Apple is intercepting site traffic to publishers on Apple News+ and redirecting it to the Apple News app through updates to iOS 14 and MacOS Big Sur. The move not only cannibalizes publishers’ subscription audiences, but puts privacy-conscious Apple in a position of doing cross-site tracking, per a Twitter thread by Chartbeat CEO Tony Haile. Users can disable the redirect, but for now, it’s the default setting on iPhone and Safari. Apple’s argument for the change could be that gaining scale through Apple will ultimately benefit publishers, if Apple News can deliver higher ARPU than publishers can drive on their own. “Regardless, Apple News is making a big move to move user behavior from a web that they don’t control to an app where they do,” Haile wrote. 

New Blood

WarnerMedia boss Jason Kilar ousted entertainment chairman Robert Greenblatt, who oversaw HBO Max, as well as head of content Kevin Reilly in an executive shakeup. The goal was to simplify the org by rolling production and operations into a single unit, led by Warner Bros. chair and CEO Ann Sarnoff, The Wall Street Journal reports.
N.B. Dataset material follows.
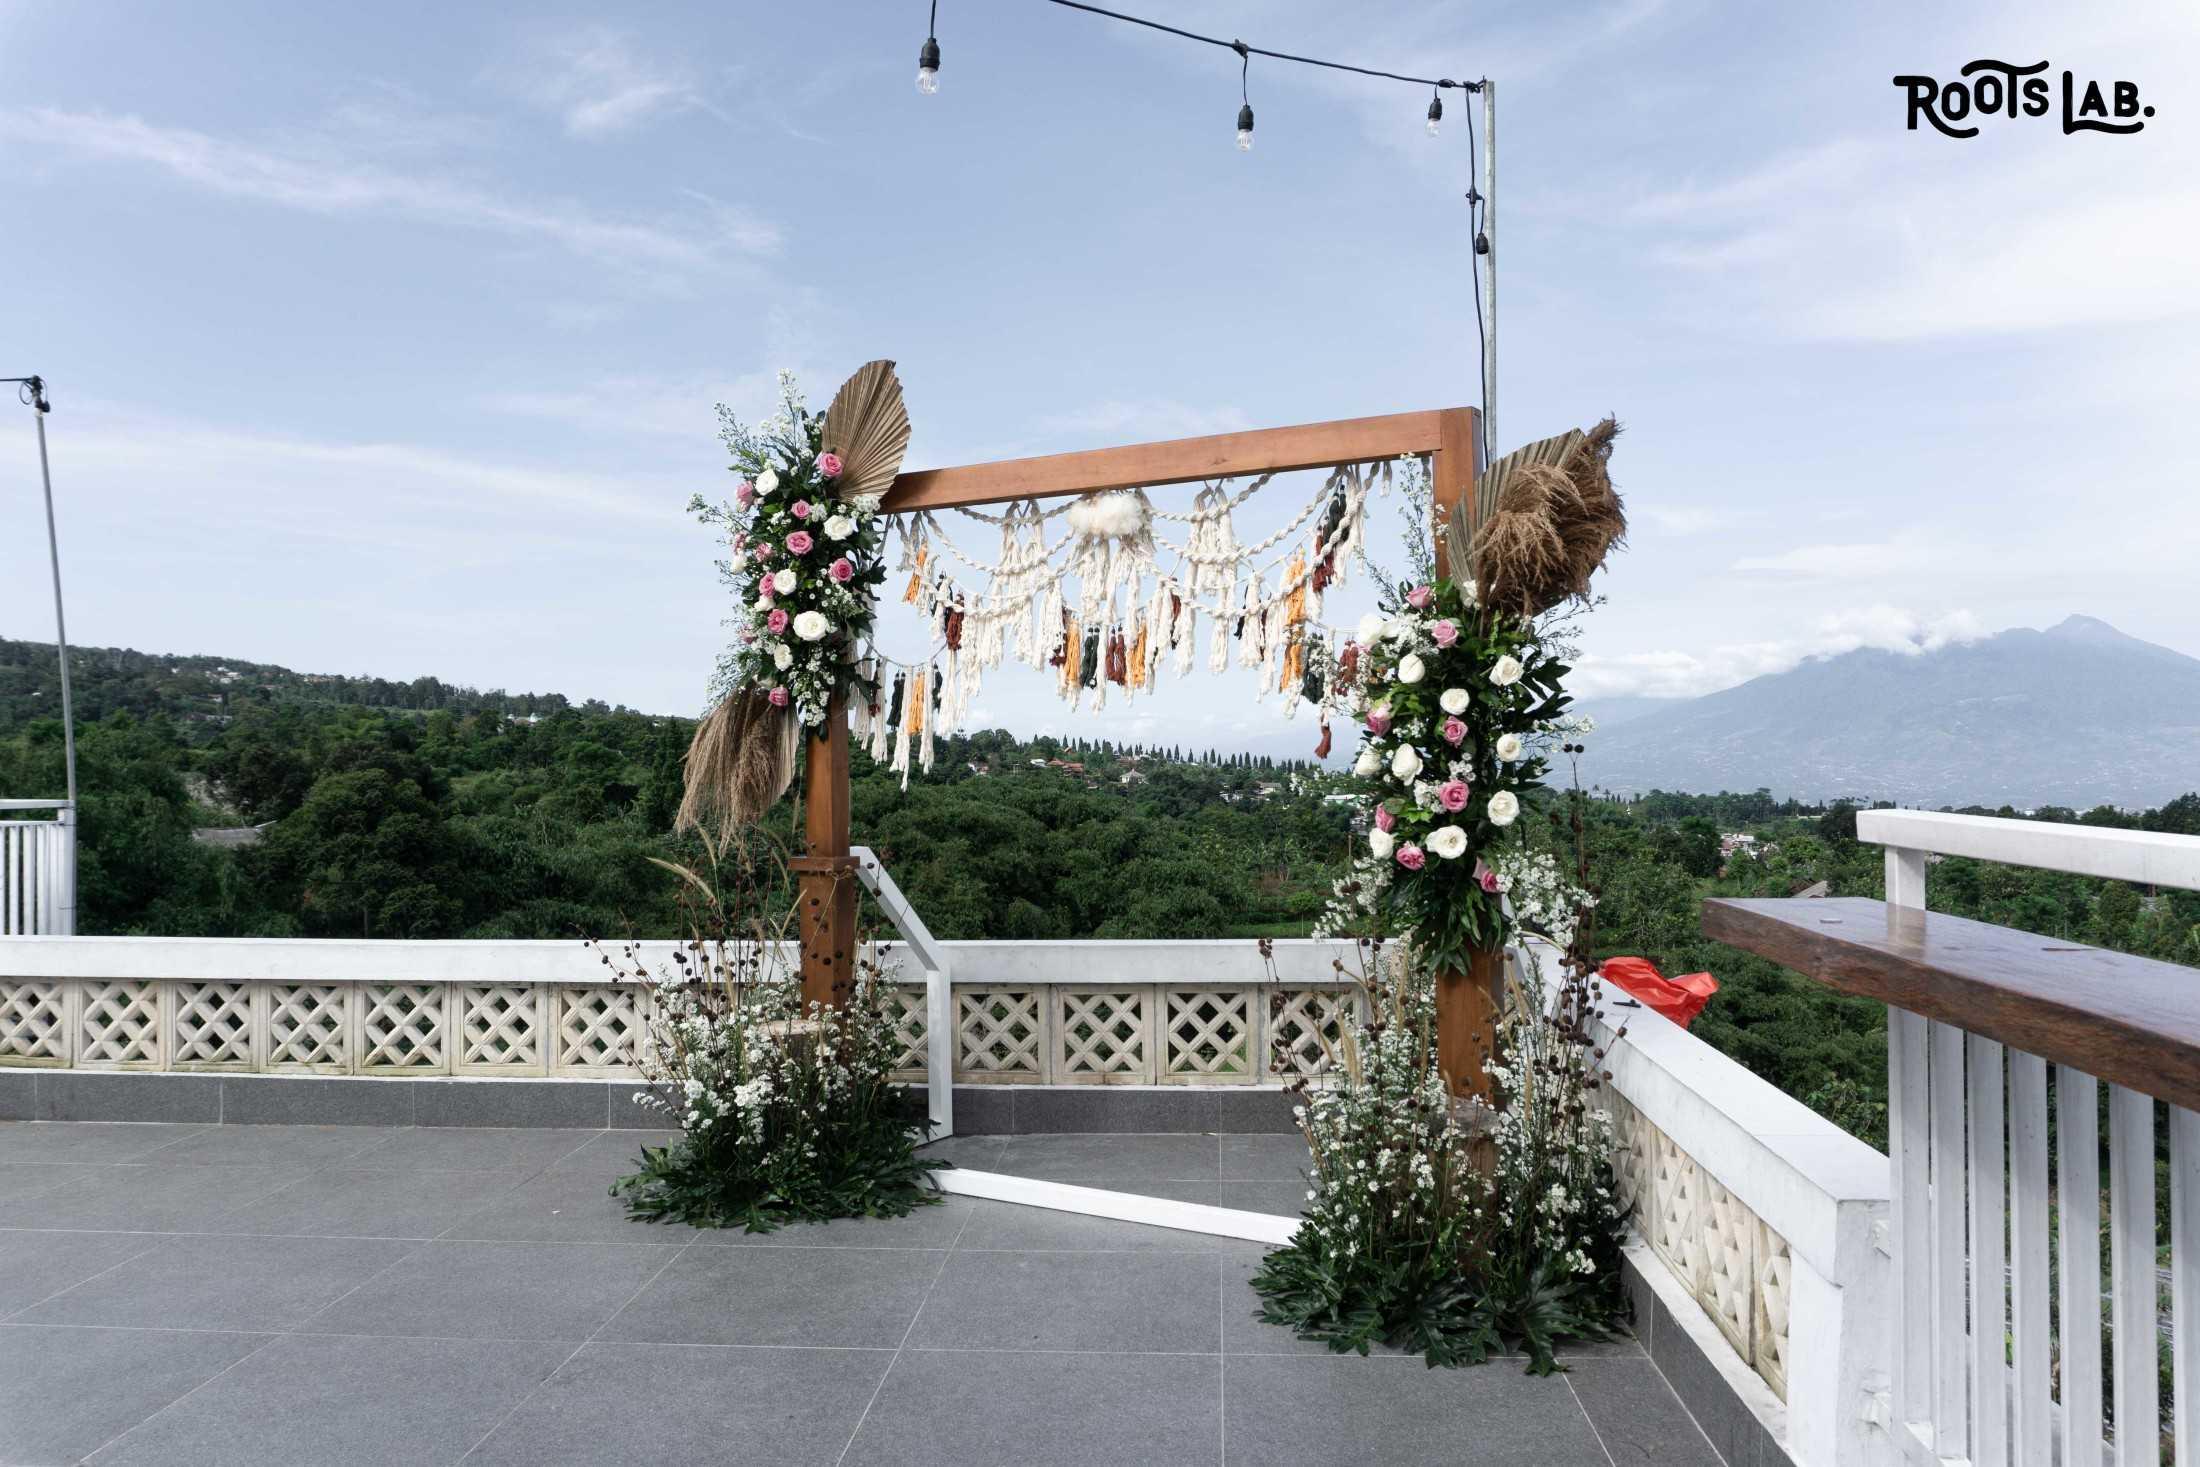 Rootslab Intimate Wedding Venue Villa Akira Megamendung, Kec. Megamendung, Bogor, Jawa Barat, Indonesia Megamendung, Kec. Megamendung, Bogor, Jawa Barat, Indonesia Rootslab-Intimate-Wedding-Venue-Villa-Akira  111418

Sarnoff will oversee WarnerMedia’s content across HBO, HBO Max, TNT, TBS, and other outlets and report directly to Kilar alongside HBO Max GM Andy Forssell, who will lead operations, marketing and consumer engagement. The departure of two high-profile executives who steered the launch of HBO Max raises questions about whether the service is performing as well as AT&T had hoped. The reorg will lead to significant staff reductions. 

Under The Hood 

Trump is pushing for TikTok’s acquisition by a US company by Sept. 15. But it could take a year or more to unwind the app from ByteDance’s technological backbone, Reuters reports. TikTok shares resources with its Chinese counterpart, Douyin, along with other ByteDance-owned companies. ByteDance began separating out TikTok’s code when the United States raised national security concerns about the app seven months ago. But server code that underpins the app’s functionality and algorithms, manages user profiles and allows for data storage is still shared across ByteDance products. In a potential deal, Microsoft will likely have to rely on ByteDance’s code while it works on revising it and moving to a new back-end infrastructure – violating Trump’s deadline. And it’s unclear if the magic of TikTok’s algorithm will work as well when separated out from ByteDance.